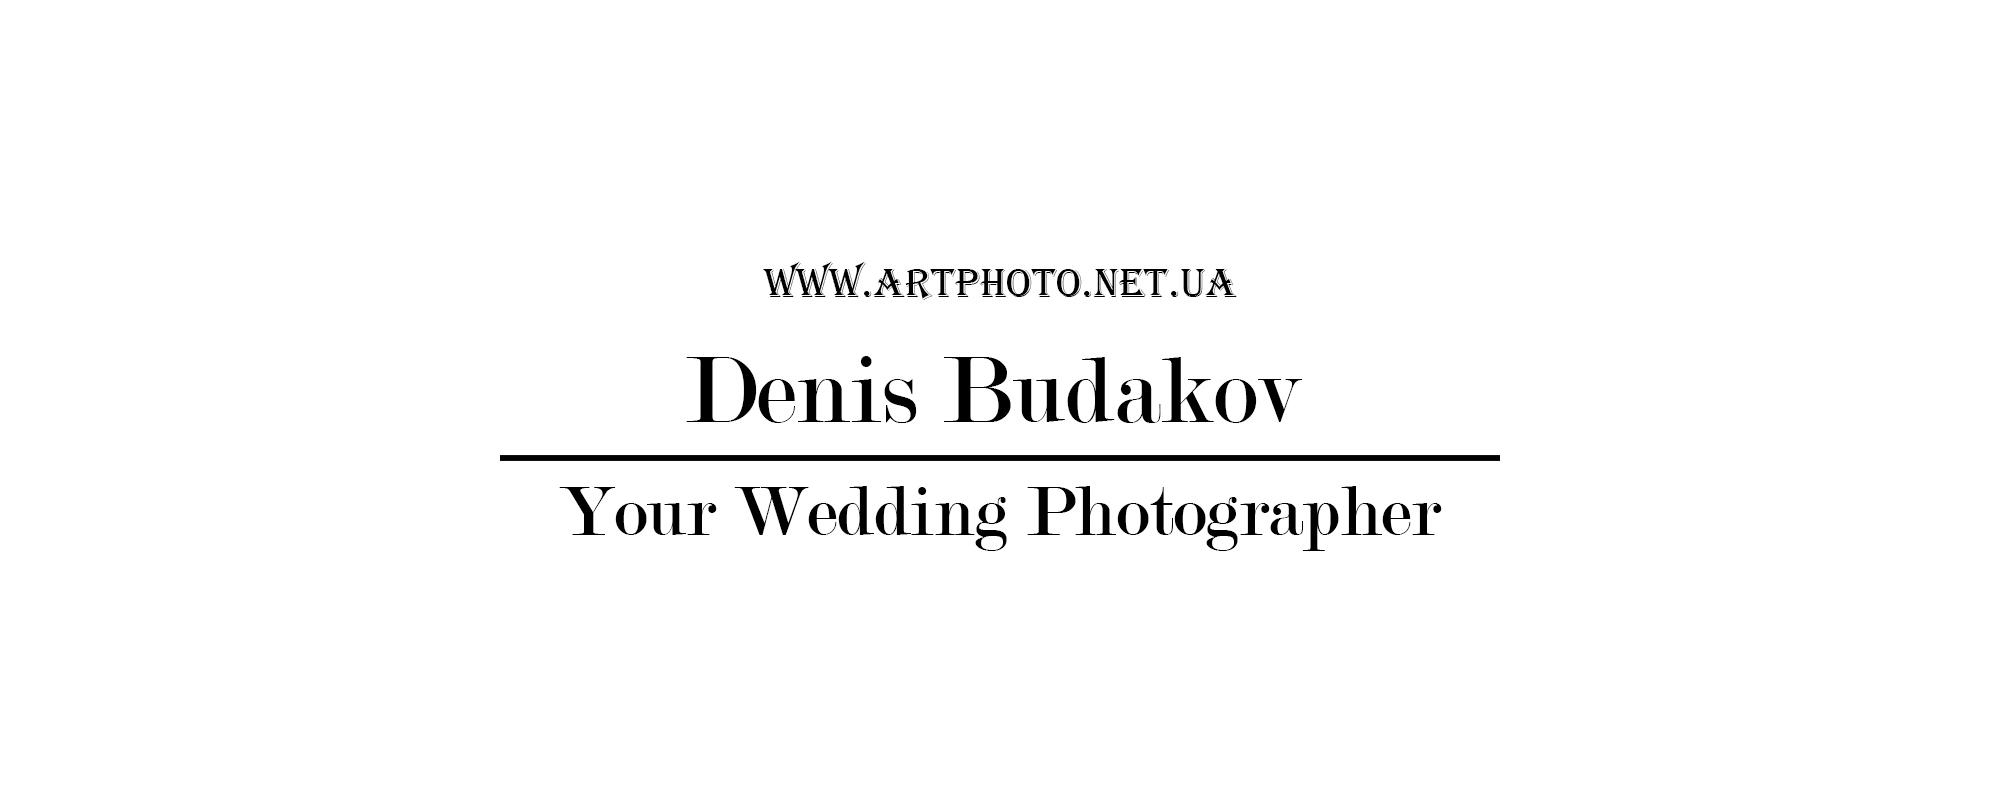 Свадебный фотограф: Денис Будаков
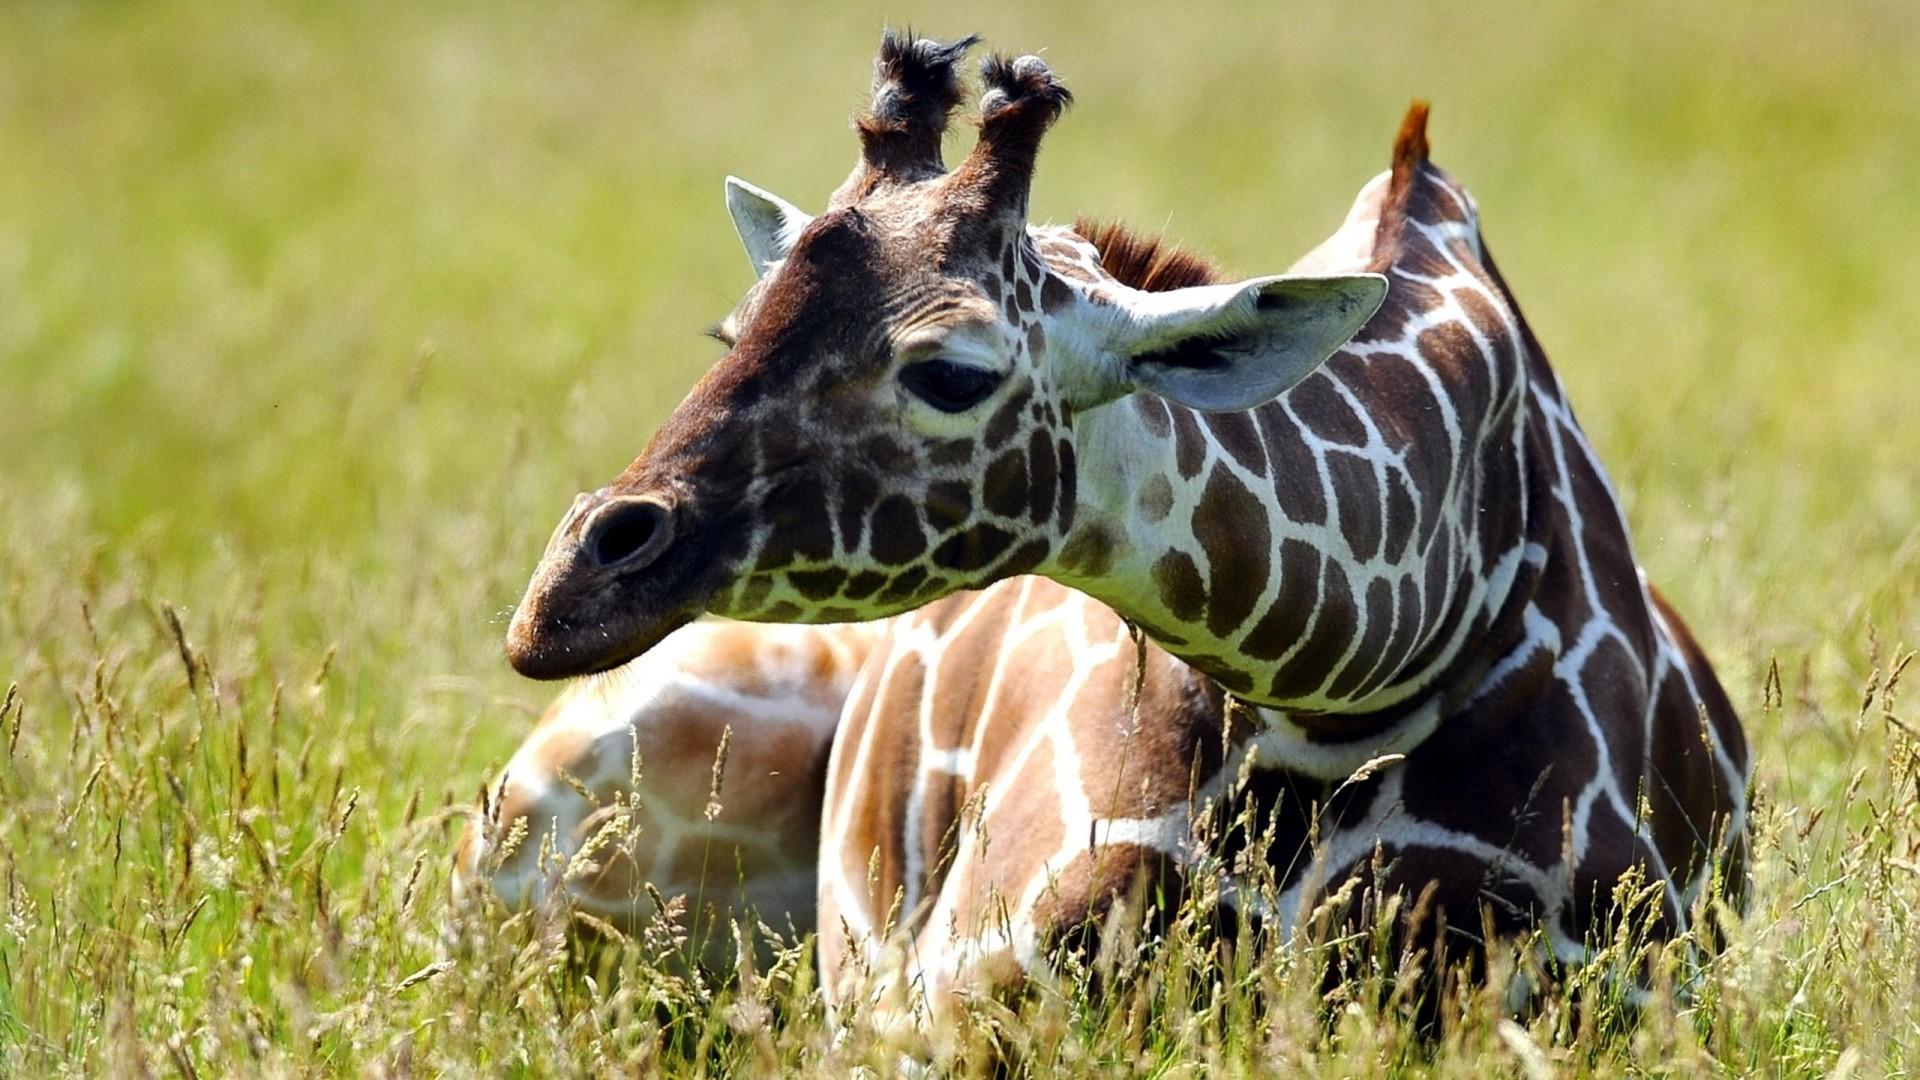 дикие милые животные фото сибирского хаски очаровательны
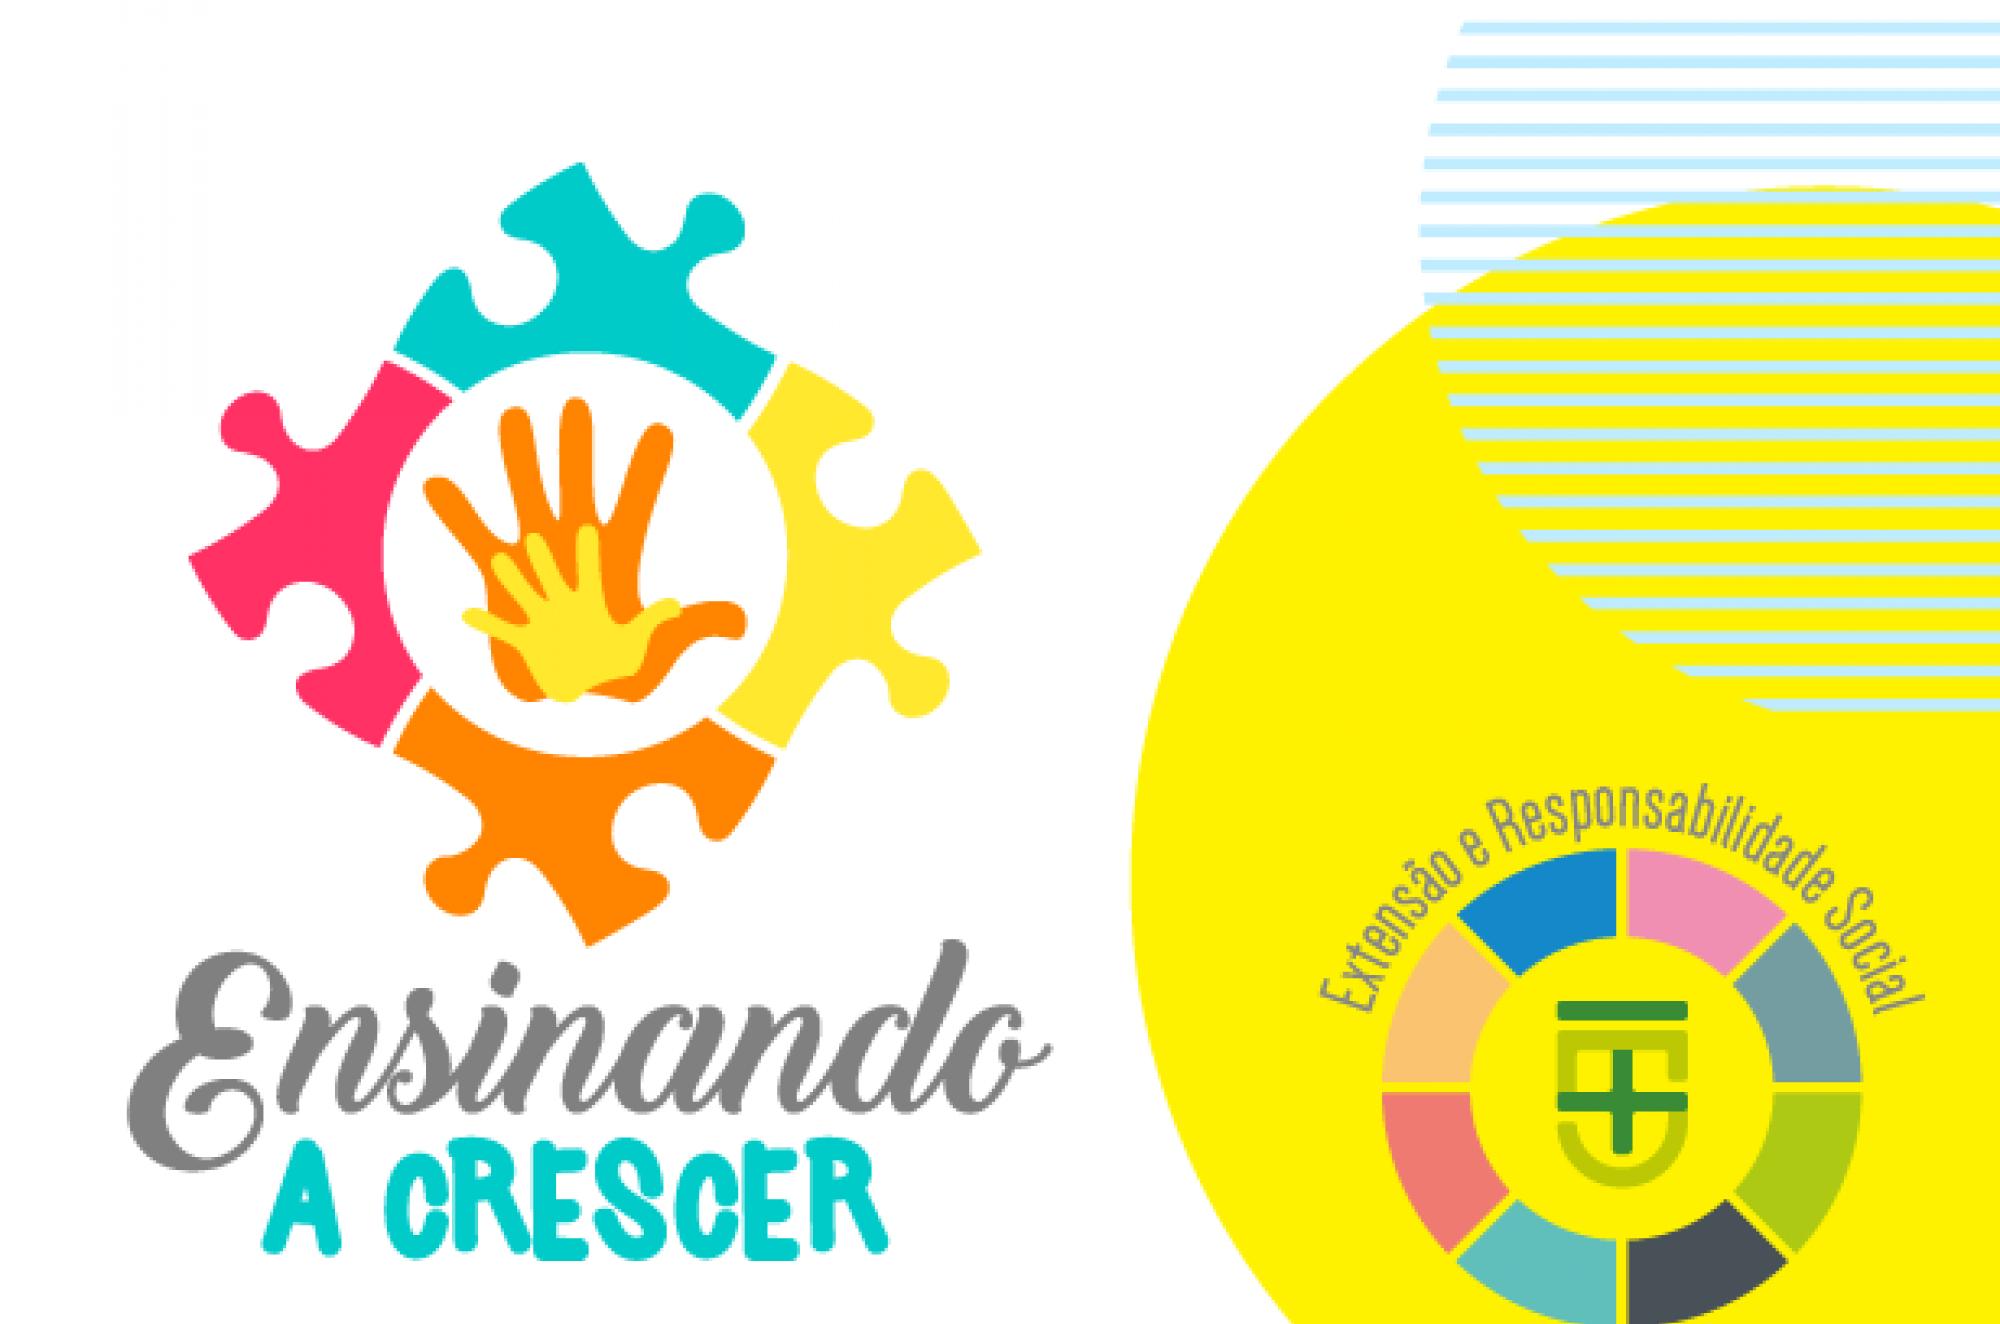 PROJETO DE EXTENSÃO ENSINANDO A CRESCER 2021 - RESULTADO
========
- ACTION ITEM: Transcribe all lines above exactly, skipping pictures.

- FINISHED EXERCISE:
 Свадебный фотограф: Денис Будаков
 дикие милые животные фото сибирского хаски очаровательны
 PROJETO DE EXTENSÃO ENSINANDO A CRESCER 2021 - RESULTADO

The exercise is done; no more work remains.